Peter Tatchell, who is fronting the ‘Equal Love’ campaign, is announcing the application this morning at King’s College London.
He said: “Since there is no difference in the rights and responsibilities involved in gay civil marriages and heterosexual civil partnerships, there is no justification for having two mutually exclusive and discriminatory systems.
“Banning black couples from getting married would provoke uproar. The prohibition on gay marriages should arouse similar outrage.
“The ban on same-sex civil marriages and opposite-sex civil partnerships is a form of legal sexual apartheid – one law for gay couples and another law for heterosexual partners. Two wrongs don’t make a right.”
The campaign’s legal advisor, Robert Wintemute, expressed confidence that the court would strike down the ban.

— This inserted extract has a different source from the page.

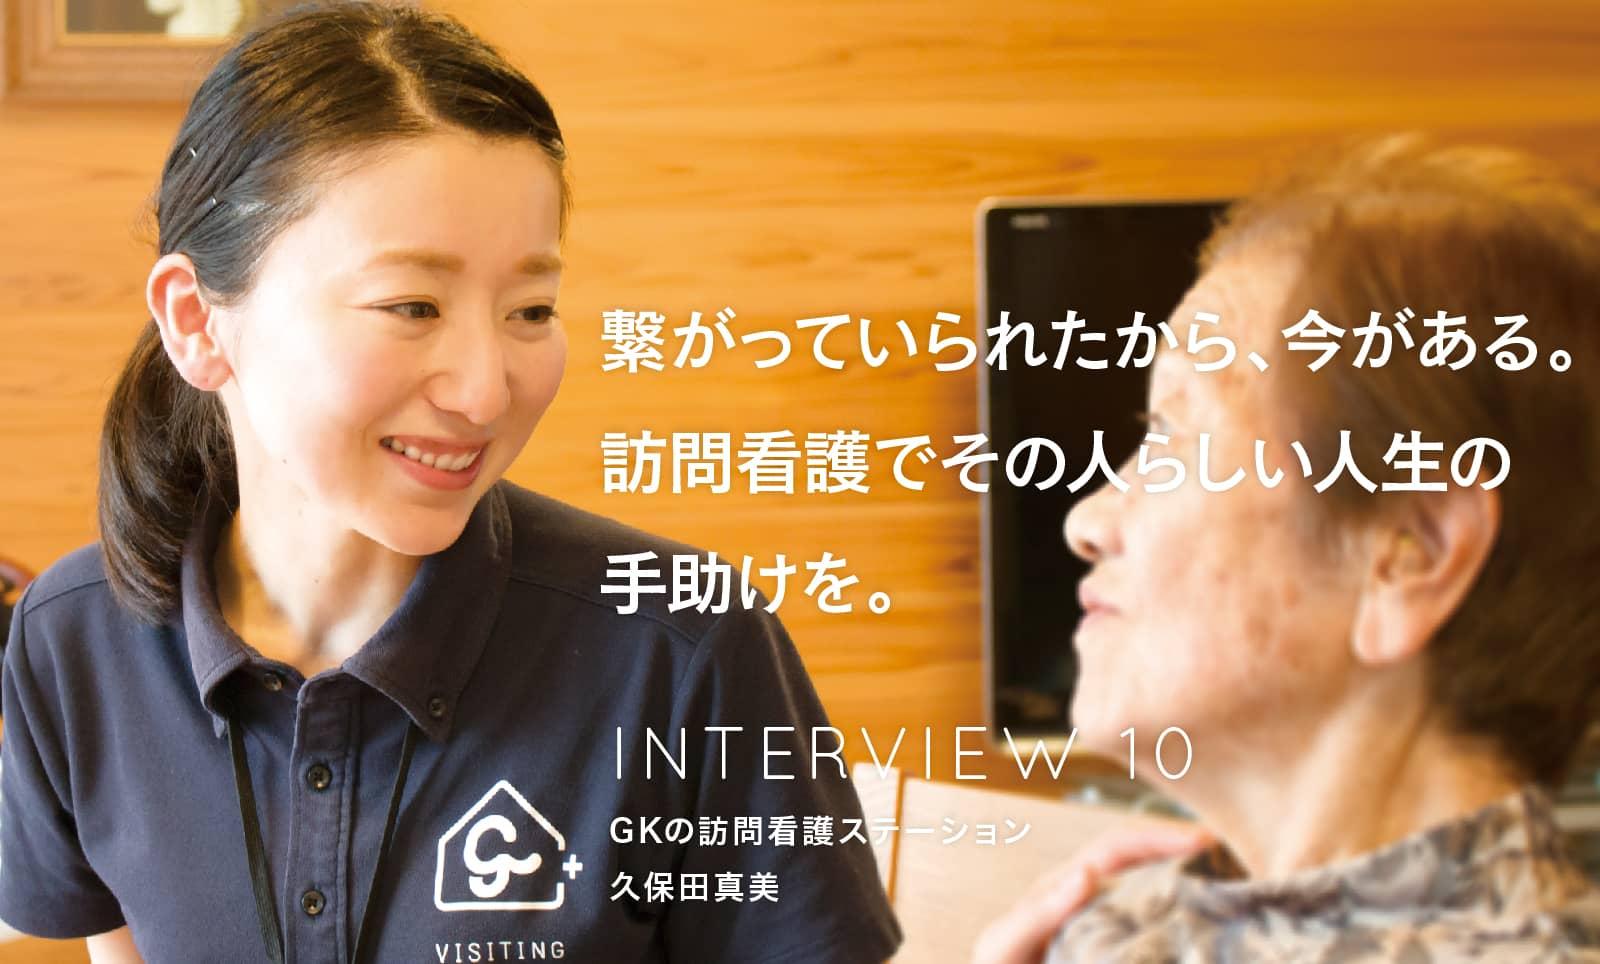 INTERVIEW 08 GKの訪問看護ステーション 久保田 真美 さん

He said of the current laws: “It’s discriminatory and obnoxious, like having separate drinking fountains or beaches for different racial groups, even though the water is the same.
“The only function of the twin bans is to mark lesbian and gay people as socially and legally inferior to heterosexual people.
“I am confident that we have a good chance of persuading the European Court of Human Rights that the UK’s system of segregating couples into two ‘separate but equal’ legal institutions violates the European Convention. I predict that same-sex couples will be granted access to marriage in the UK.”
The application to the ECHR will be filed by all eight couples simultaneously today. Should the court find that the law contradicts European conventions, then the UK will be obliged to make changes.